- _Activity_
Take the lines below beginning at the line that has "NEW PRINT COPIADORA" and stopping after the line that has "Essex festival bride", and print them exactly as they are, with no other lines.

- _Data excerpts_
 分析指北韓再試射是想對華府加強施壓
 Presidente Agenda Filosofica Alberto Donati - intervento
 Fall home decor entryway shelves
---
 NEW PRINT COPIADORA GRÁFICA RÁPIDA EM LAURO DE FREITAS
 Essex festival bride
* * *
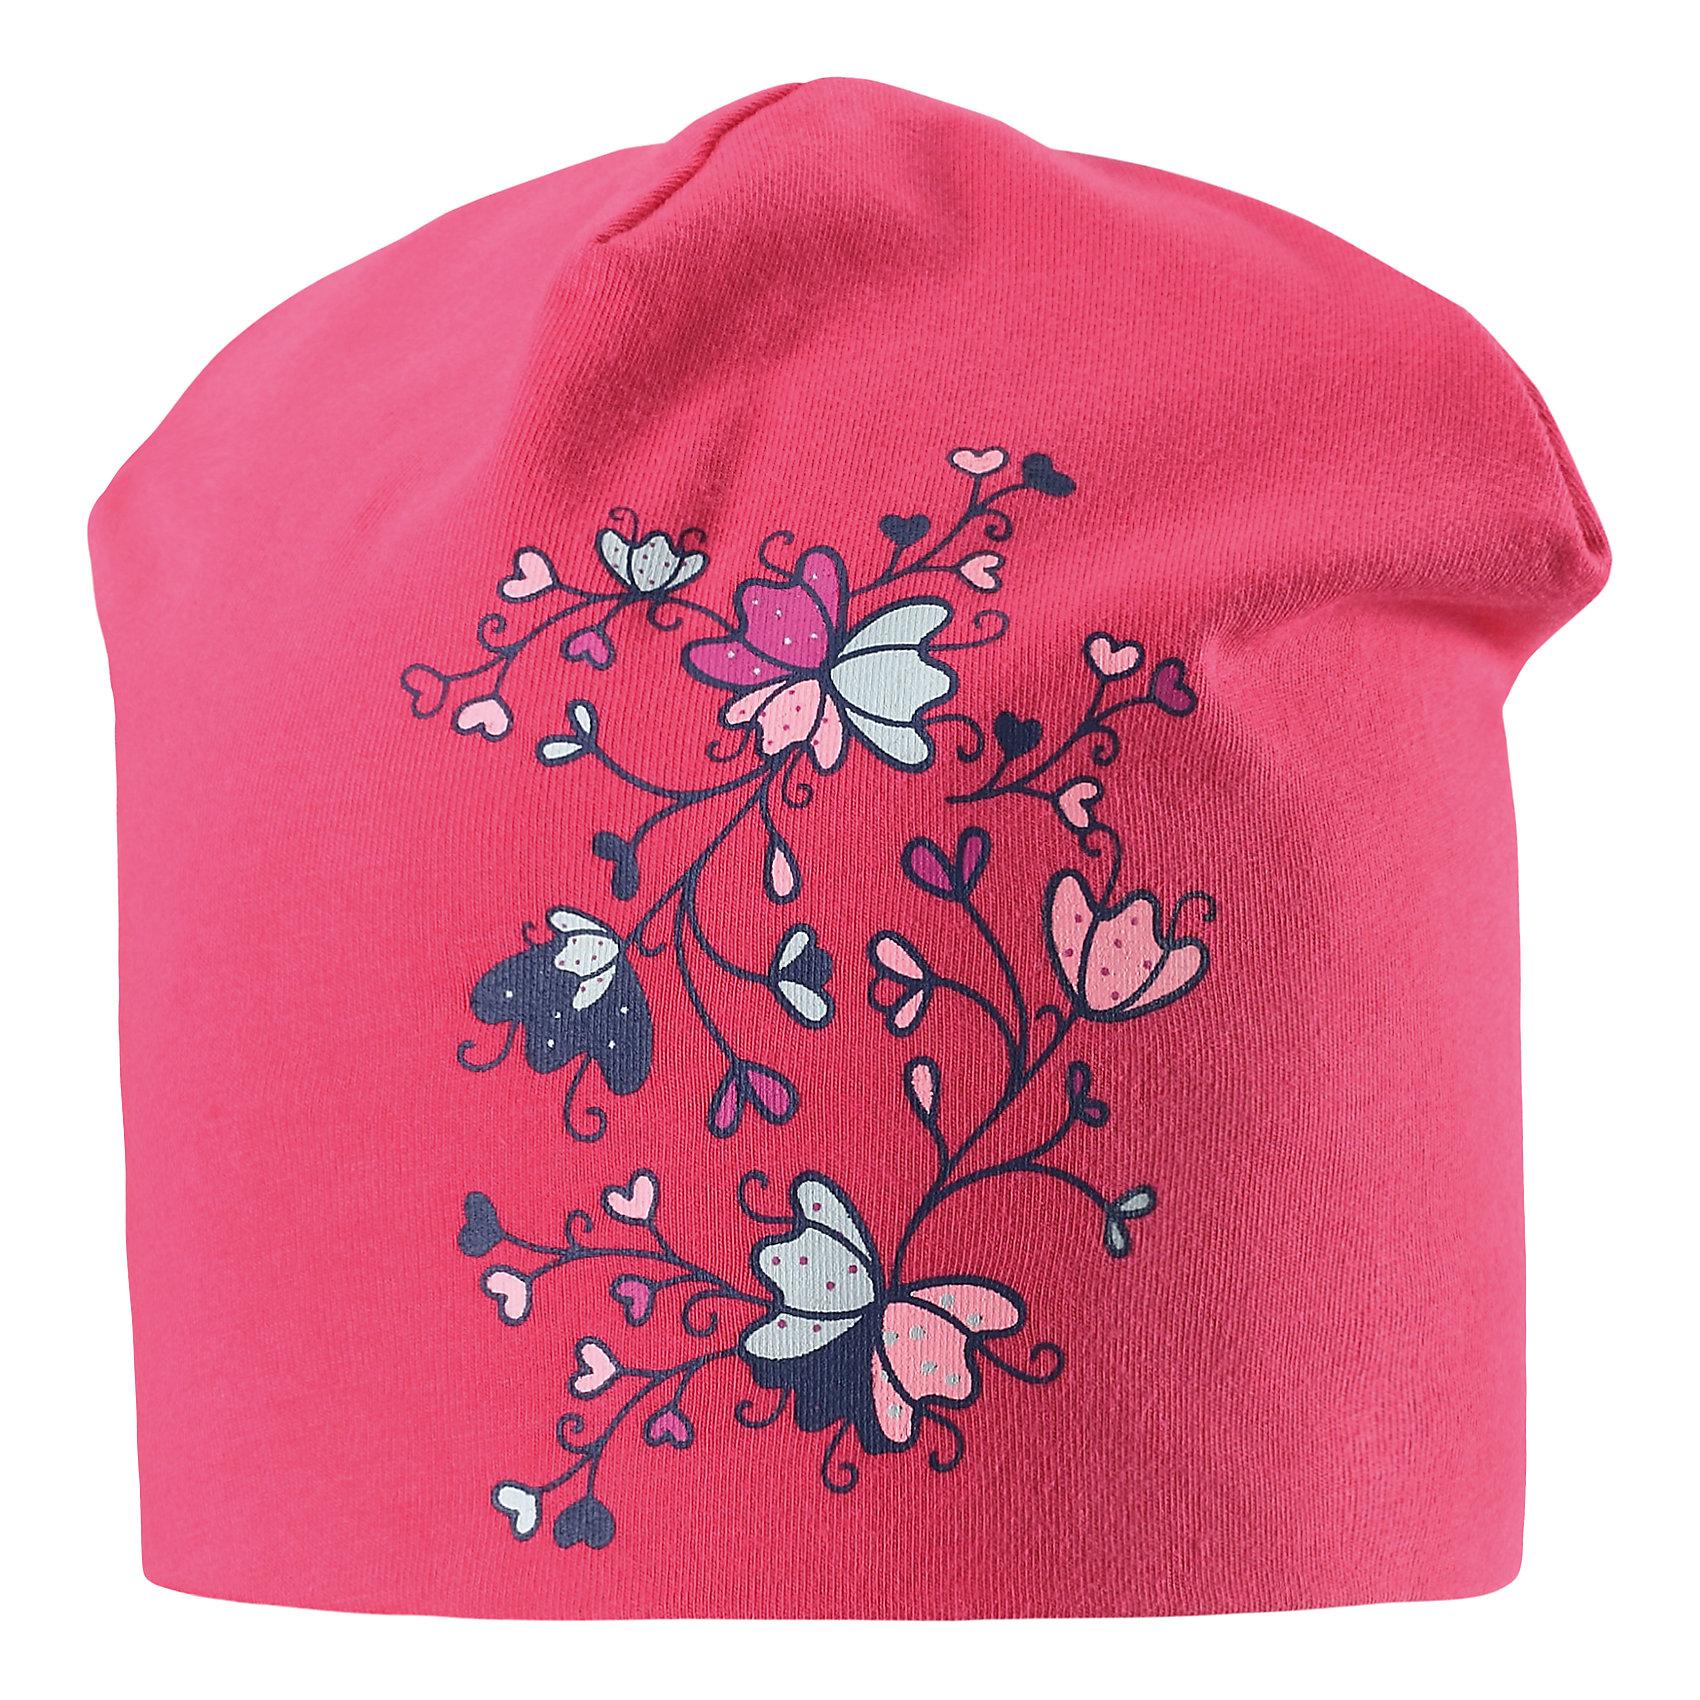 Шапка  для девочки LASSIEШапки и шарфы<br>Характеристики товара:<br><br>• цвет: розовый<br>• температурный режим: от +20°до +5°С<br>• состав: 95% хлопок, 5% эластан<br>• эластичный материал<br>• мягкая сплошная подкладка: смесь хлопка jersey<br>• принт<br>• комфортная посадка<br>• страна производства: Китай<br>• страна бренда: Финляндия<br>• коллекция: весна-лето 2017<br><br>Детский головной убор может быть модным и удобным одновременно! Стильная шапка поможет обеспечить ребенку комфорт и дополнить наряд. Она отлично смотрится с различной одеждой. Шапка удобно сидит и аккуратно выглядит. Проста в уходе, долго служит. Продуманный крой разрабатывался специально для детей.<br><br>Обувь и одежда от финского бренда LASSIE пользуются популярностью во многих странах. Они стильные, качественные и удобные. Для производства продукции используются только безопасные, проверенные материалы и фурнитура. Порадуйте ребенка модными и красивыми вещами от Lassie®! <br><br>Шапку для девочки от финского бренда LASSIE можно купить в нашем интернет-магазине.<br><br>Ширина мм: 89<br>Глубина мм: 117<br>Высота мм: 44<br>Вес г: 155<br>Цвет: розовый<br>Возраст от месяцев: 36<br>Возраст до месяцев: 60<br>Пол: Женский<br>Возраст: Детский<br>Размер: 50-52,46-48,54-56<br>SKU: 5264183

- _Exercise output_
 NEW PRINT COPIADORA GRÁFICA RÁPIDA EM LAURO DE FREITAS
 Essex festival bride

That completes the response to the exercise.